Armie Hammer made his Broadway debut tonight in Young Jean Lee’s “Straight White Men.” The good news is that Armie, known for “The Social Network” and “Call Me By Your Name,” nails it–he’s got excellent presence, great projection, and retains his star appeal on stage as Drew, the novelist among a trio of brothers. We’ll see him up there again.
The bad news is that Young Jean Lee’s play is tedious, forced, and has no dramatic tension. Lee is being billed in the PR as “the first female Asian playwright on Broadway.” The truth is, if “Straight White Men” didn’t have an all-star cast and a top notch director (Anna Shapiro), it would be way off Broadway.
Josh Charles and Paul Schneider, very accomplished actors, play Hammer’s brothers, Jake and Matt. This pair has has come home for Christmas to join Matt and their widowed father (Stephen Payne) for the first time since Mom died. There’s a lot of brothers’ horseplay, and the trio clearly care about each other. In time, though, it’s revealed that Schneider has decided to move in with dad and work at a nothing job. He has no ambition and can’t express why. The brothers, without motivation, turn on him. Out of nowhere.
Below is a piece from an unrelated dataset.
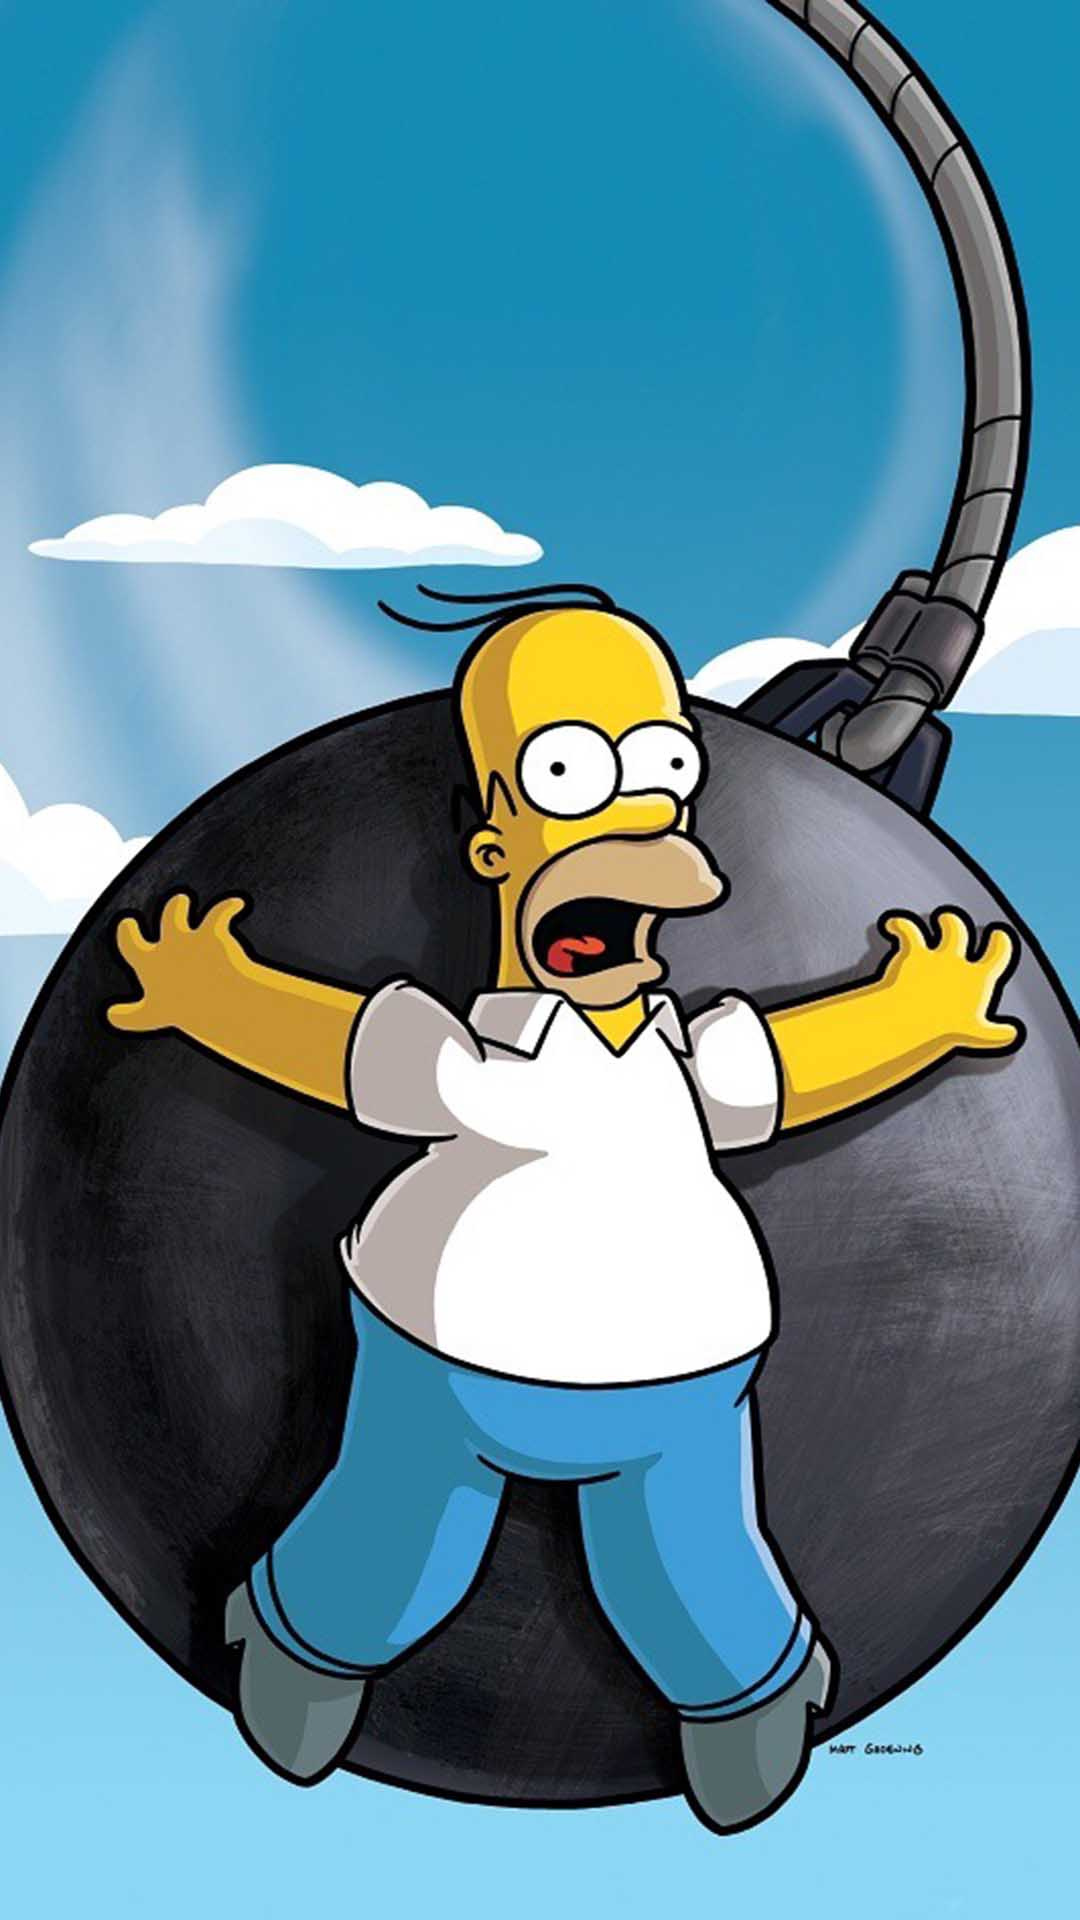 iPhone wallpaper homer simpson movie Homer Simpson

But since Schneider never gives a reason– he’s a Harvard grad, after all–the play becomes a tedious exploration of white privilege. There’s a lot of filler in “Straight White Men”– rough-housing, dancing, long conversations about the boys’ being straight white men. You get the feeling that Lee thinks she’s discovered lightning. But there are no revelations, and nothing to resolve.
Let’s backtrack for a minute, though: when you enter the Hayes Theater (it used to be the Helen Hayes Theater, but that was too hard for people to remember apparently) there’s loud rap music playing. Really loud. There’s a silvery Las Vegas type curtain. Two people come out who you might think are women. They introduce themselves as “non binary.” They’re listed in the program as Person in Charge 1 and Person in Charge 2. They tell their own stories, too irrelevant to get into here, and then lead the main actors onto the stage. I am just not hip enough to understand what they are doing.
I’m guessing a lot of people will think this pretentious nonsense is very, very clever, a real comment on “straight white men” by two people who declare that they are not “straight white men.” Great! I would have liked a fully formed story of the three brothers, their father, why they feel compelled to comment endlessly on their privilege, and for someone to explain why Matt prefers not to have a life.
This is a persistent problem in new plays: no third act. No pay off. “Straight White Men” is 90 minutes without an intermission. Producers do this because no one could come back for the Second Act. When the silvery Vegas curtain falls for a minute at the 45 minute mark, you have no reason to stay– there is no peril, nothing is up for grabs, and you don’t really care what happens. But if you can grab a decently discounted ticket, I guess the upside is you see some good acting by four talented men.